A realm in the variance of perspective:
I’m in an elevator to the top floor of my new executive position job to meet my new boss, hoping to charm him with my charisma and sweet smile. I meet him in his suit; his partner is Christian Bale as Patrick Bateman from the movie of Ellis’s book “American Psycho.” I have personal romantic relations with Christian (or Patrick) at first, but leave him for the top honcho who is the most attractive man I have never seen in my life. Christian/Patrick is not surprised. A little tiffed and pissy like large family youngest children get, but not surprised. We remain friends. In both relationships; flashes of sweet frolicking bed smitten type cuddling. No hot sex; but it’s implied that we’ve been intimate many times before. Lying in bed with the handsome new man I’ve won over, the perspective changes.

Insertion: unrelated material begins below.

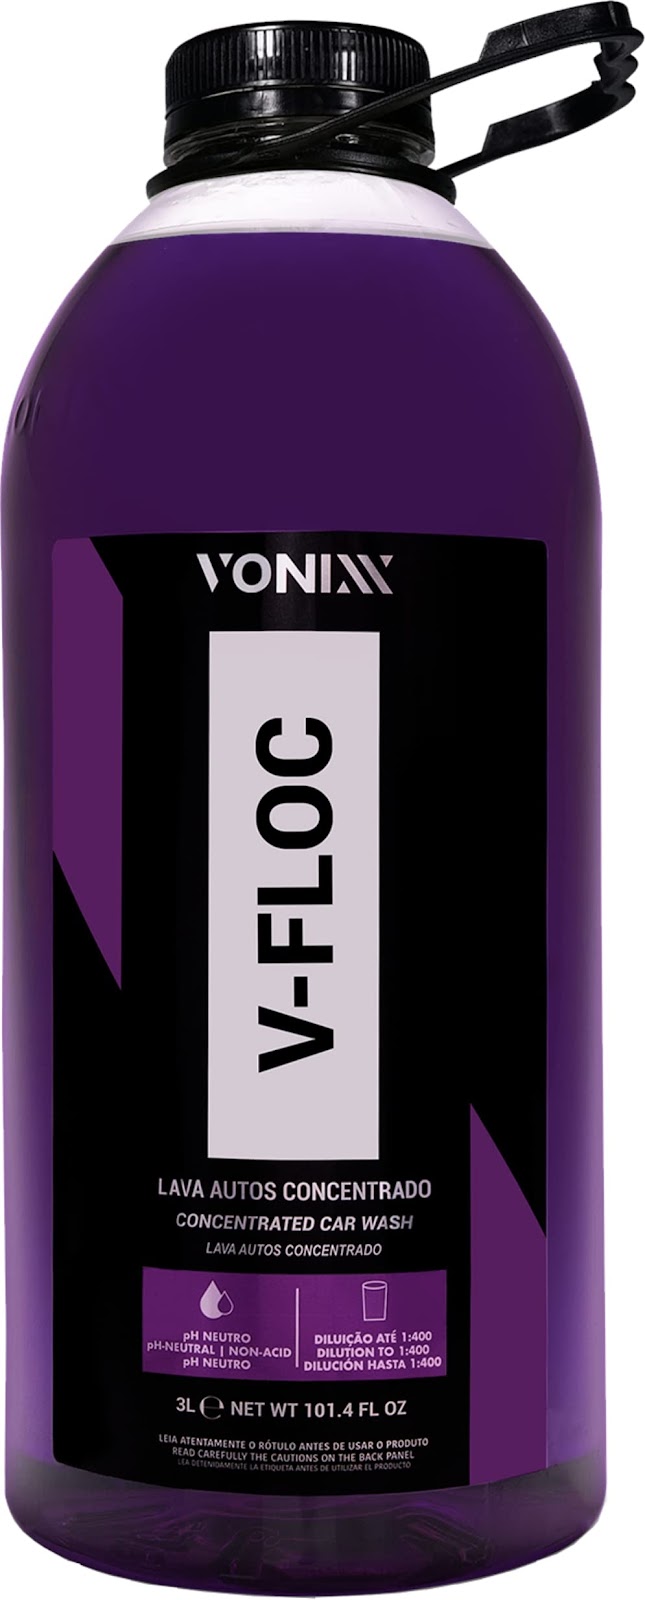 Vonixx Shampoo Automotivo Concentrado 1:400 V-floc 3 Litros

I am Patrick Bateman in my suit walking underneath a muddy bridge, shoes sticking and getting sucked by mud. I find two girls in wheelbarrows on the verge of death, naked, barely breathing. It’s implied that these girls ended up there by a drought; there had been no rain and they were dying of thirst; mermaids, with feet. I walk up to the first girl, a pale brunette, mouth something spiteful to her feeling angry, cut her throat with a razor, one long clean line from one end of her neck to the other. A bright red showers her gray chest, her perfect breasts, blood pouring out of her throat as she makes a final gasp, unmoving, a small twitch, a jerk, eyes glazed, open. I stare at her as she bleeds–hating her. I walk to the other girl in a wheelbarrow, legs dangling, just a few feet away: a blonde, staring at nothing, unblinking, breathing shallow. I tell the girl it’s her lucky day; that she’ll be spared; that I feel merciful. I fetch a dirty wet rag and wring it above her mouth, water grazing her lips as her throat constricts gestures of swallowing. I tell her she should tell people I spared her.
The perspective changes, I’m walking towards a lunch bistro to have cocktails with my work associates, I see them waving, smoking cigarettes and chatting over scotch and barely touched plates of food. I sit down and have a martini before returning to work. I am no longer angry. I feel nothing.